How to build an AI Agent

The video demonstrates how to build a code agent that can autonomously execute code based on instructions, showcasing its ability to solve mathematical problems like calculating the Fibonacci sequence and retrieving the current time using a time tool. It highlights the agent’s flexibility with various models and its potential applications in creative fields, such as 3D modeling in Blender, while promising more content on AI agents in the future.

In the second part of the “AI Agents for Beginners” series, the video focuses on building a code agent, which is an AI that can execute code based on given instructions. The code agent operates by utilizing a list of tools and generates a system prompt that describes these tools. This allows the agent to respond to queries by writing and executing code, while small agents are responsible for parsing the code, running it, and returning the results to the main model. To ensure safety, the agent is restricted from importing potentially harmful libraries, such as OS, which could lead to file deletion.

The video demonstrates the functionality of the code agent by posing a question about the 50th number in the Fibonacci sequence. The agent writes the necessary code to compute this value and successfully returns the correct answer. This showcases the agent’s ability to perform calculations and execute code autonomously, highlighting its practical applications in solving mathematical problems.

Next, the video introduces the implementation of a time tool that returns the current time based on a specified time zone. To integrate this tool with the small agents, the presenter wraps the existing code in a class called GetCurrentTimeTool. This class includes essential attributes such as name, description, inputs, and output type, ensuring that the model can utilize the tool effectively without making assumptions.
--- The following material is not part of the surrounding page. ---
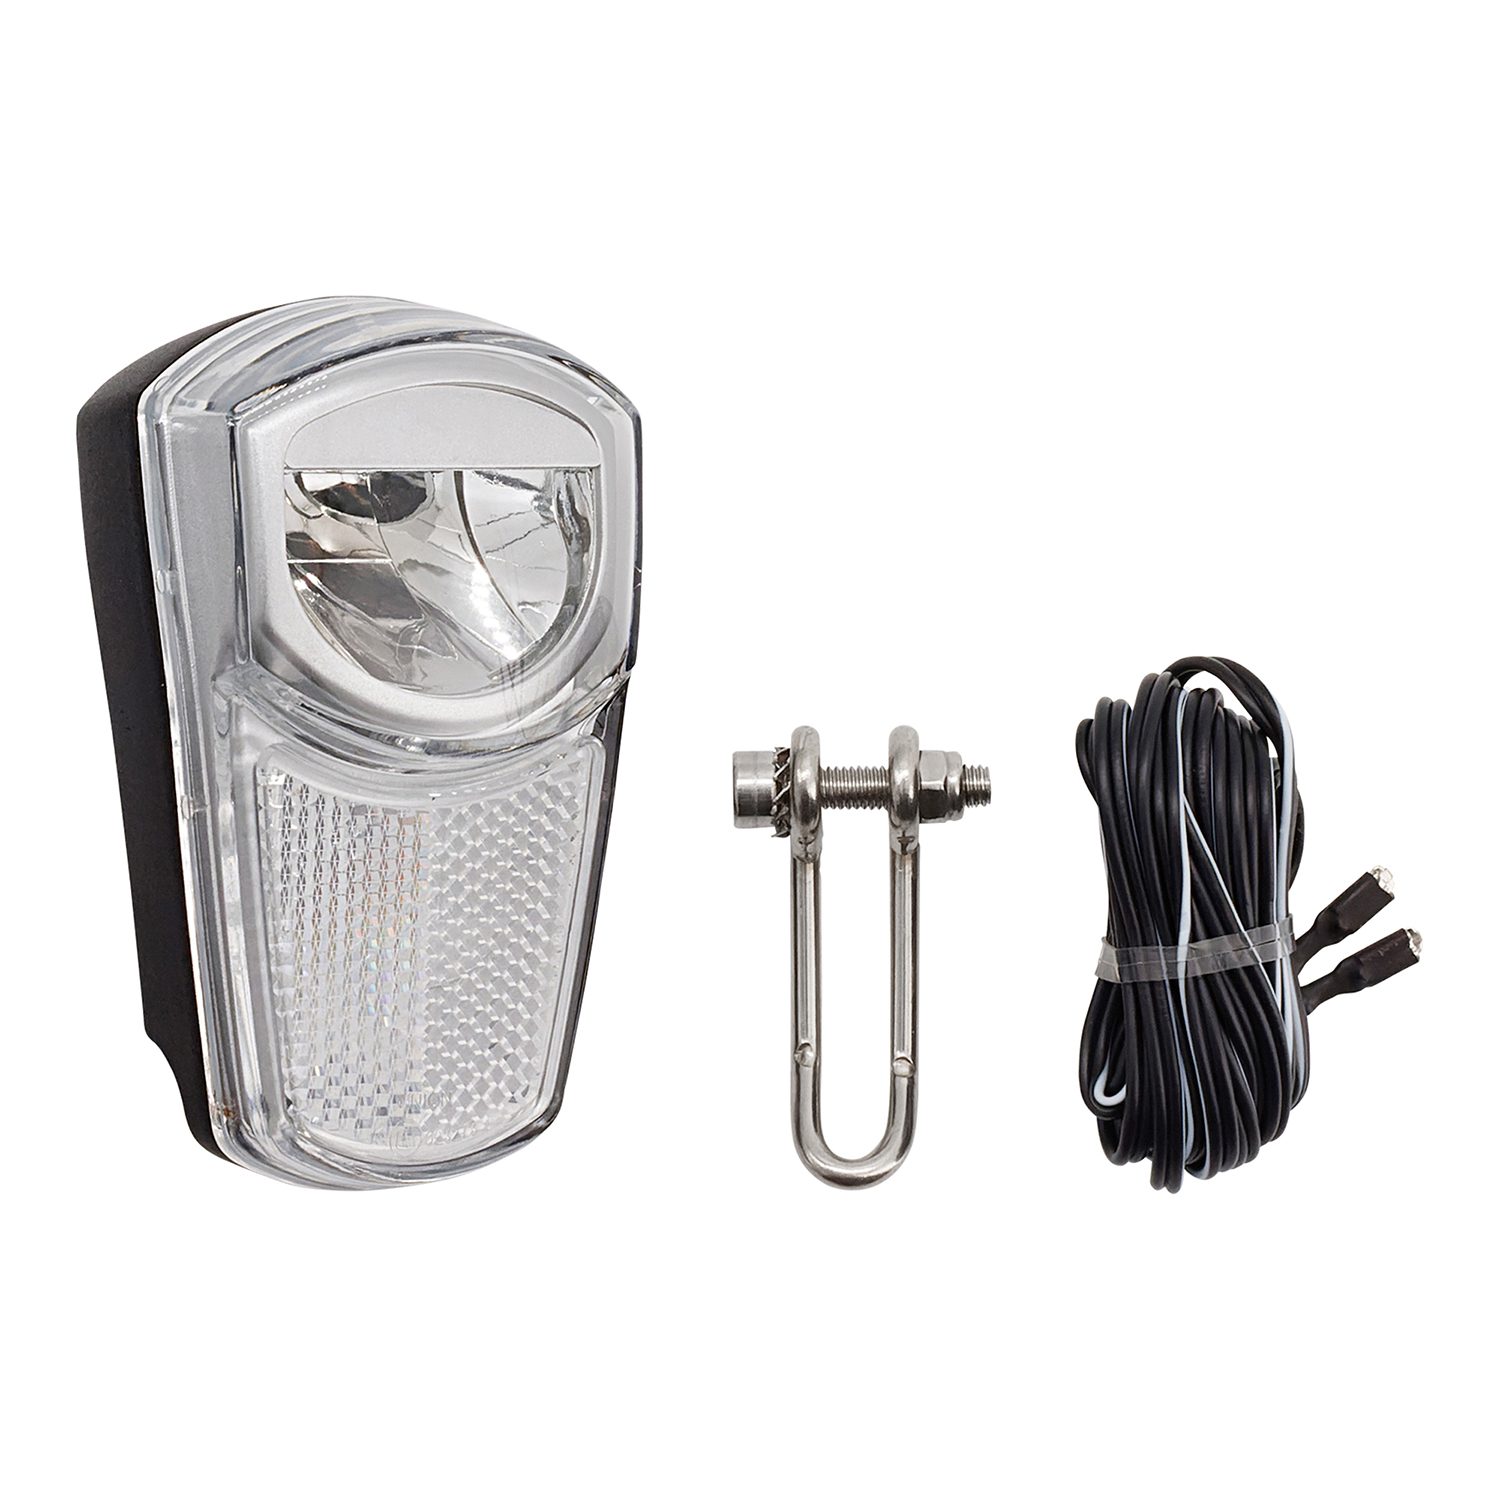 LED-Scheinwerfer UN 4260 SB Union 35 Lux für Seitenläufer

The video then demonstrates the agent’s capability by asking for the current time in Boston, which it successfully retrieves.

The presenter emphasizes the flexibility of the code agent, noting that it can be used with various models, including those from Anthropic and OpenAI. For those looking to run agents for free, the Hugging Face inference API is recommended, while users with powerful GPUs can run quantized models locally. The video also mentions the possibility of using multiple Mac Minis for enhanced performance, suggesting that there are various options available depending on the user’s resources.

Finally, the video hints at the broader implications of AI agents, particularly in the context of MeshGen AI agents in Blender, which serve as a 3D modeling co-pilot. This example illustrates the potential of small agents in creative applications, and the presenter expresses excitement about the ongoing developments in the field of AI agents, particularly with the rising interest in Multi-Component Processing Systems (MCPS). The video concludes with a promise of more content on this topic in the future.